High estrogen and low progesterone
The hormonal environment conducive to increased muscle mass is when estrogens are elevated and progesterone is at its lowest point. This occurs in the follicular phase, and that is why we are interested in introducing the heaviest and most intense training in this phase of the menstrual cycle.
In the luteal phase, the opposite occurs, with greater amino acid oxidation and protein degradation. That scenario is contrary to what we are looking for when we want to increase muscle mass: protein synthesis over protein degradation.
Being very reductionist and to see it very clearly: progesterone increases catabolism (destruction of muscle – luteal phase) and estrogens promote anabolism (muscle building – follicular phase).

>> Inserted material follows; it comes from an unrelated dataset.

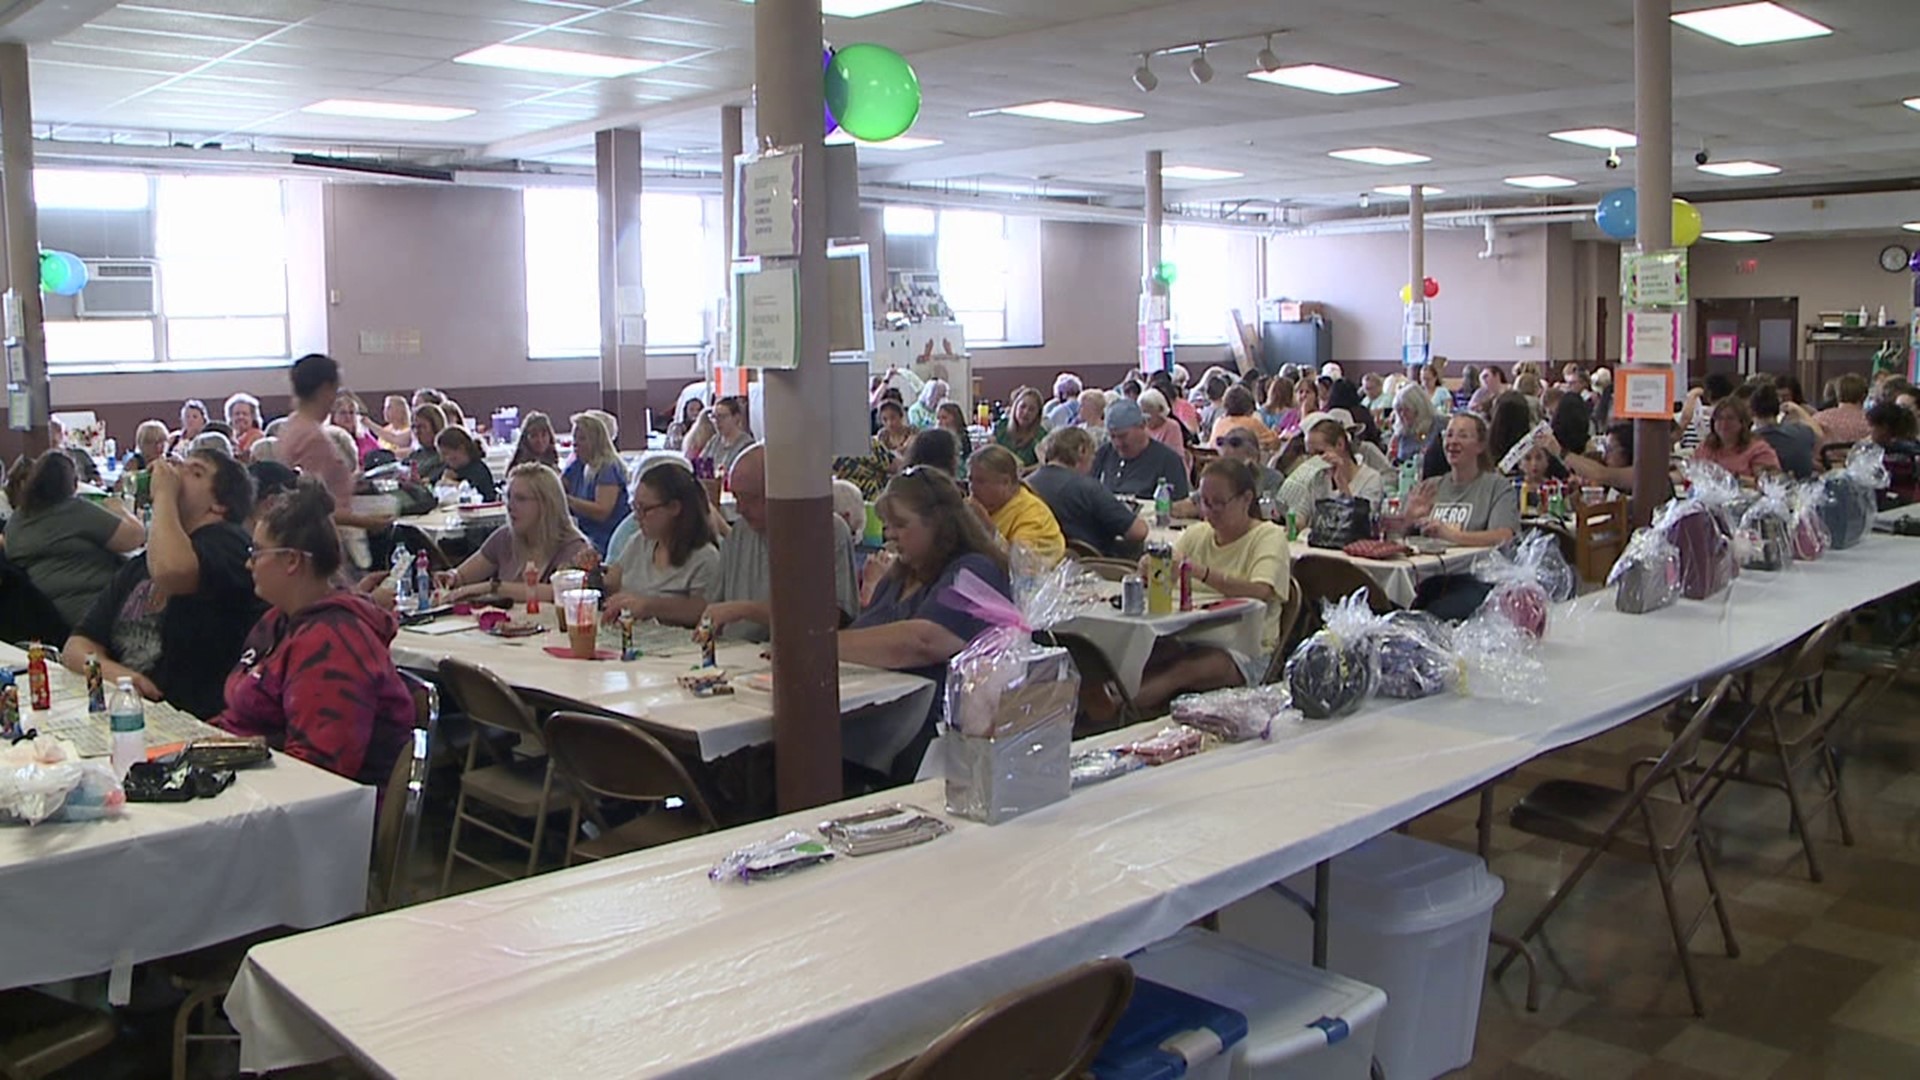 The event benefitting the Jonathan Grula Memorial Foundation was held in the Diamond city Sunday afternoon.

In any case the important thing is to train at any time of the menstrual cycle, without worrying too much about the phase we are in. If we have a coach who schedules the training for us, it can be a point in his favor and yours to take into account the phases of the menstrual cycle, as long as you have a high athletic level. If we have only been training for a short time, we should focus on other things first.
Do oral contraceptives affect strength performance and muscle hypertrophy?

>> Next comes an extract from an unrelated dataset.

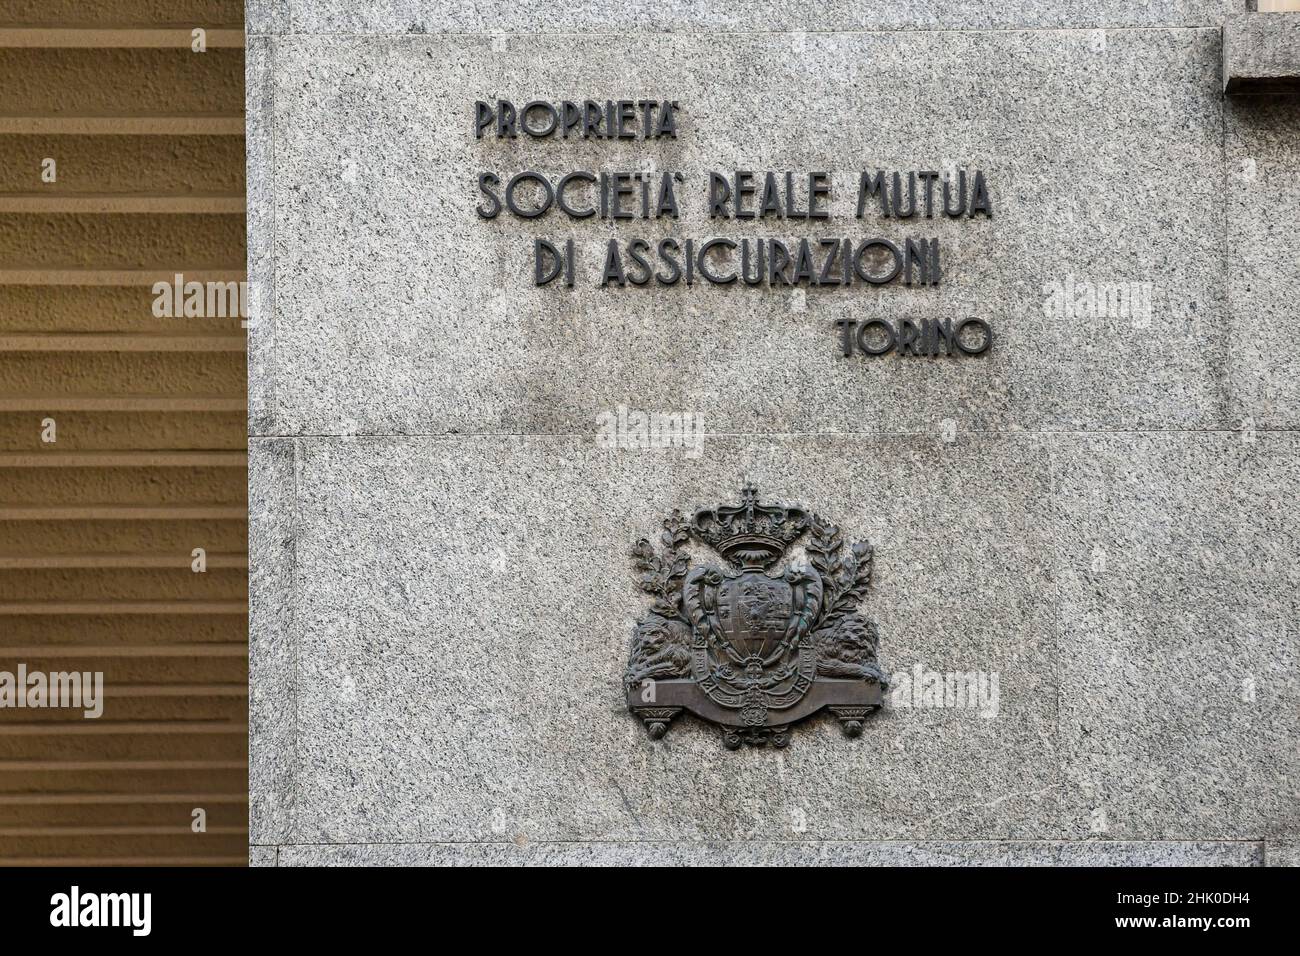 Detail of the old sign of Società Reale Mutua di Assicurazioni, a mutual insurance company founded in Turin in 1828, on a building exterior, Piedmont Stock Photo

We have already seen briefly what the phases of the menstrual cycle are and why they can affect muscle hypertrophy. All of the above occur in a menstrual cycle without oral contraceptives, but when we ingest these contraceptives, all concepts are modified discussed so far.
A very comprehensive review published in the prestigious Sports Medicine investigate How can oral contraceptives affect to resistance exercise responses in women of reproductive age.
Effects of oral contraceptives on muscle hypertrophy
In some studies we can observe how the growth hormone increased in those women who used triphasic oral contraceptives, than in those who did not take contraceptives.
However, there are no conclusive results that can affirm whether strength training, and its immediate adaptations related to muscle hypertrophy, are older or younger using oral contraceptives.
The conflicting findings may be due to the timing of the tests, which makes everything vary wildly. Also to the interpersonal differencesince there are women who hardly notice the phase of the menstrual cycle in which they are and others who accuse it much more.
The different types of oral contraceptives also do not help to clarify whether the use of these drugs has any effect on muscle hypertrophy. Therefore, there is no consensus on whether the use of oral contraceptives helps or limits muscle hypertrophy compared to women who do not take such contraceptives.
Practical application to take us home
What we can highlight is that the follicular phase (especially from when bleeding is ending until ovulation) It is an ideal environment to train strength, increase muscle mass and recover faster than in the luteal phase.
In this middle and late follicular phase, the higher concentrations of endogenous estrogen (our body produces it, regardless of the ingestion of oral contraceptives).
That hormonal scenario results in a increased growth hormone response, less muscle damage, greater potential for muscle strength and better regeneration than in the luteal phase.
missing evidence to see if the variation in estrogen and progesterone that occurs with the use of oral contraceptives contributes in any way to improving or worsening muscle strength and hypertrophy.
The lack of consensus is due to the heterogeneity in the studies, the differences between each menstrual cycle of each woman and the different types of existing oral contraceptives.